Some writers, from Henry Green to Hilary Mantel, can manage this poetically veracious memoir-writing naturally. I read the best of them with pleasure and fascination. They illuminate without glare and delineate privacy without harming it. The memoirs I shrink from are accounts of profitable suffering; no, profitable accounts of suffering.

I can’t imagine that this book will be profitable in a pecuniary sense. Yet I know that any suffering in my life—‘suffering’ may be too extreme, too official, too martial, above all too tragic a word for whatever has happened to me, though maybe not for what I have brought about – might be of some use to someone. I am porous to the pain of others, but just of late have got stuck. I am fogged up. Here’s why.

It has been brewing since I was five, I know it now. I found that the way to distance oneself from discomfort was to trap it in not spoken but written words, and that, similarly, the way to hold fast to the good was to try – much less easy – to do the same. I was greatly helped in my project by being a fat child. I was good at sitting still because I wasn’t any good at moving. It was my good fortune to have two parents who never stopped making marks on paper and the richest part of whose lives were led in her imagination in one case and his intellect in the other. I copied them.

Why start on this now? In 2006, anxious about money and aware that I was about to start out aged fifty on a life alone, in Oxford, a city in which I had taken twenty years not to feel at home, I accepted an invitation to become a judge of the Man Booker Prize for Fiction. I was a sedulous, note-taking, reader of contemporary fiction as well as a lot of other stuff, and I thought I might as well harness my habit. I liked either the actuality of or the sound of the other judges. I wasn’t wrong to.

The entire process of judging fiction is difficult to defend or articulate and painful even – especially? – for any ‘winner’ of tender conscience but, insofar as it is possible, we remained pure. Early on, the Chair of the judges’ committee had given me a fine piece of advice: ‘If you fall in love with one book you will be setting yourself up for heartbreak,’ she said. I took prophylactic measures, and fell in love with three or four.

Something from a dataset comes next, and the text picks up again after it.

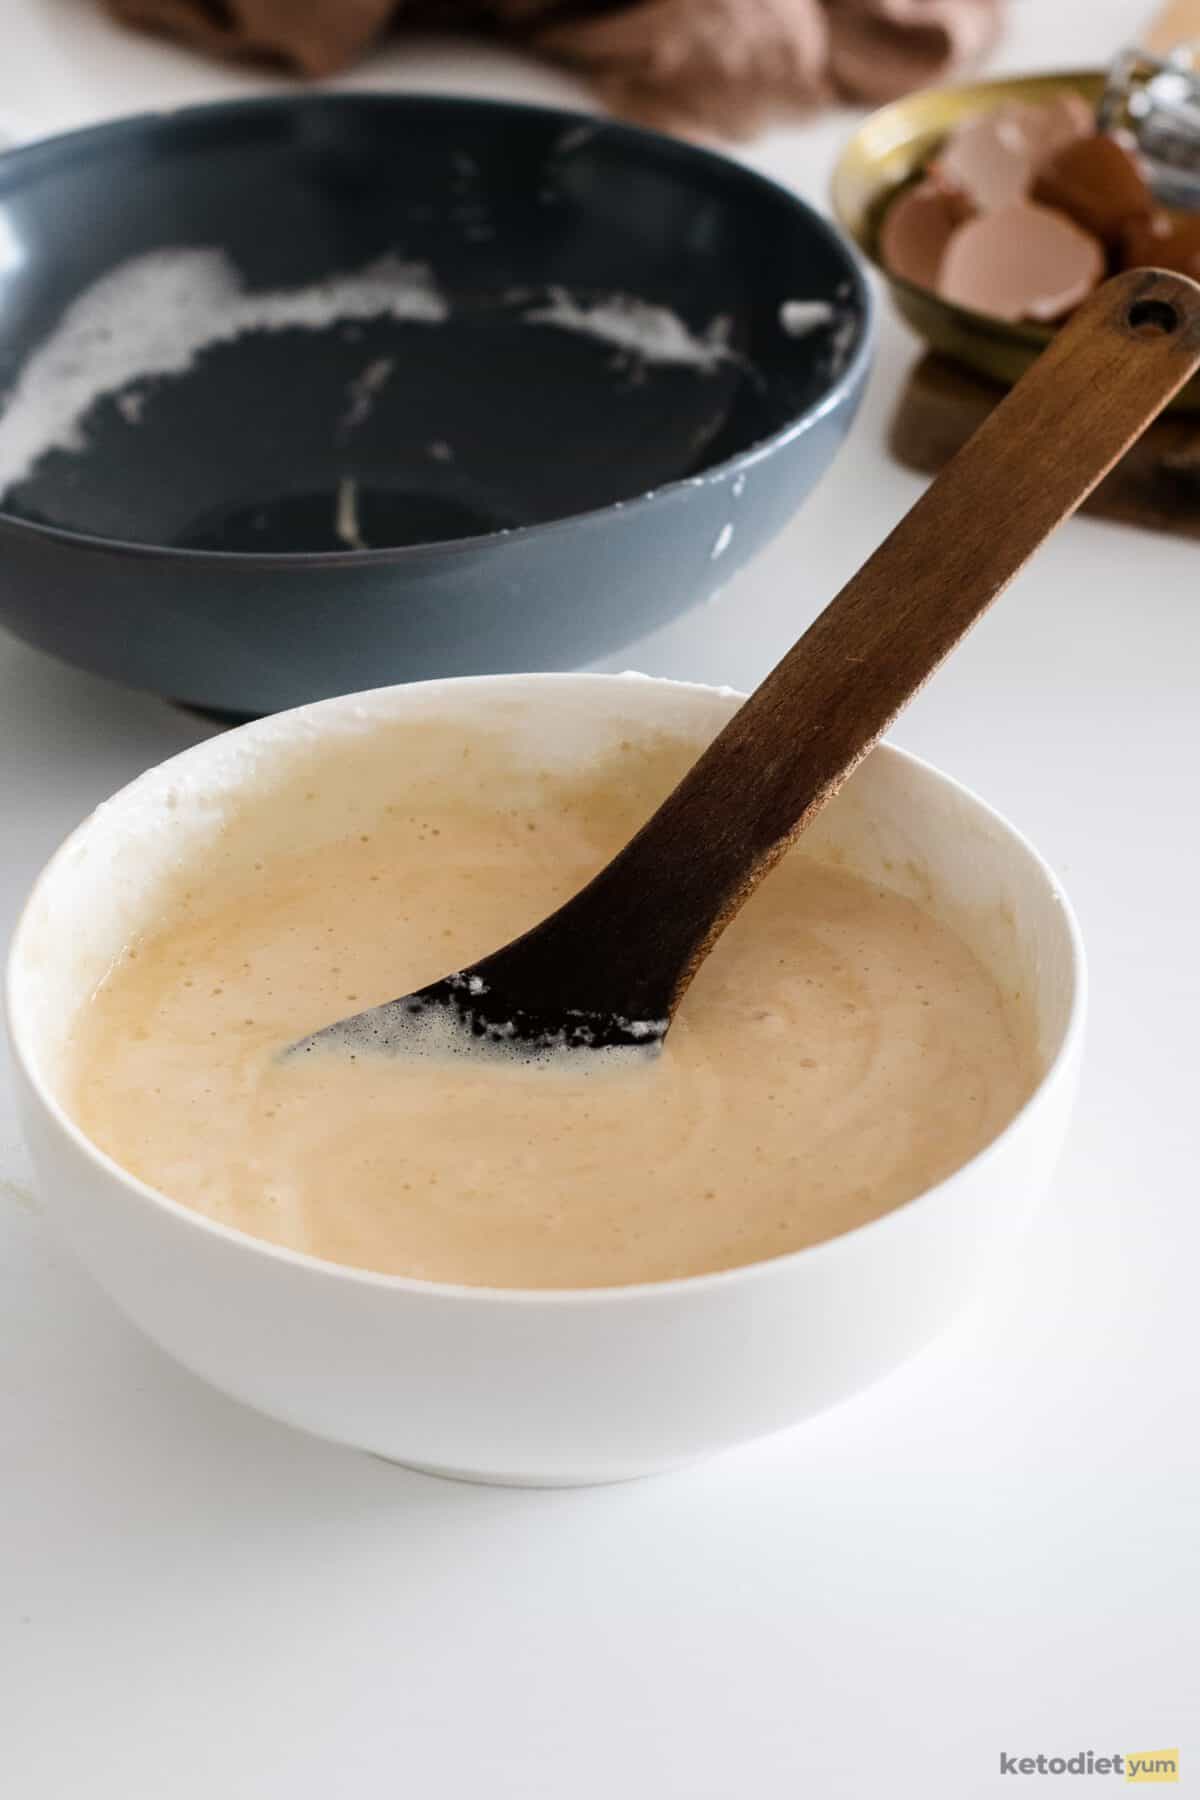 White bowl with a spoon and batter inside with another empty dark blue bowl in the background

After the first judges’ meeting, which took place in the solid surroundings of the Athenaeum, I went to visit a friend with whom I had been at school after I was sent away from home in Scotland. We have known one another since we were twelve. ‘What is wrong with your face?’ she asked, and offered to balance teabags on my eyes, which did indeed feel wonky, despite the soothing light of a grey spring day in St James’s Square. My eyes juddered in their sockets as though they were coming loose and they were hot and couldn’t settle unless I told them to. So the implicit pact between intellect and eyes, eyes and reading heart, had to be declared and had already begun to involve willpower instead of consolation and ease.

I had noticed that I was having difficulty holding the gaze of anyone who was talking to me, but had, characteristically, ascribed this to even more reading than usual and an unadmitted struggle with sleeping, especially through the hours between two and four in the morning, the time when suicide suggests itself and addicts give in.

I kept on reading, of course. Twice, I visited GPs, who each prescribed eye drops. I was aware that I couldn’t deal as well with people as I had been used to, because I couldn’t hold their gaze. I wondered if this was a late-onset affectation, like a fake stammer to imply an engaging tentativeness. But I couldn’t employ my will over my eyes, couldn’t respond or beam or seek or console as I had always – I realised – been used to doing.

My stint as secretary of one of the Alcoholics Anonymous meetings came to an end and I was relieved, as I had relied upon my intensity of gaze, my peripheral vision and my attunedness in order to intuit who needed to speak when and for how long.

From my father I have inherited the characteristic that I am irresistible to panhandlers. University towns are rich in such people and I have all my life felt that I am one. There’s no gap to mind. Most of the beggars in Oxford know my name, or a version of it. My chief heckling bridesmaid at the time was a rather cross, sometimes violent, highly intelligent alcoholic, named Man. By the cashpoint one day he said, ‘Ere, Candice, what is wrong with your eyes?’

I visited an ophthalmologist who laughed handsomely at the amount of reading I reported myself as doing. I found that odd, in Oxford. I doubt that I was reading as much as, for example, many dons, or my neighbour the Reverend Professor Sir Henry Chadwick, whose elegant figure might be seen daily as he got into the car on the way to the library in order to set about the Early Church with grace and vigour; and he, after all, was rising to the challenge of manuscript with eyes that had been working for all but a half century longer than my own.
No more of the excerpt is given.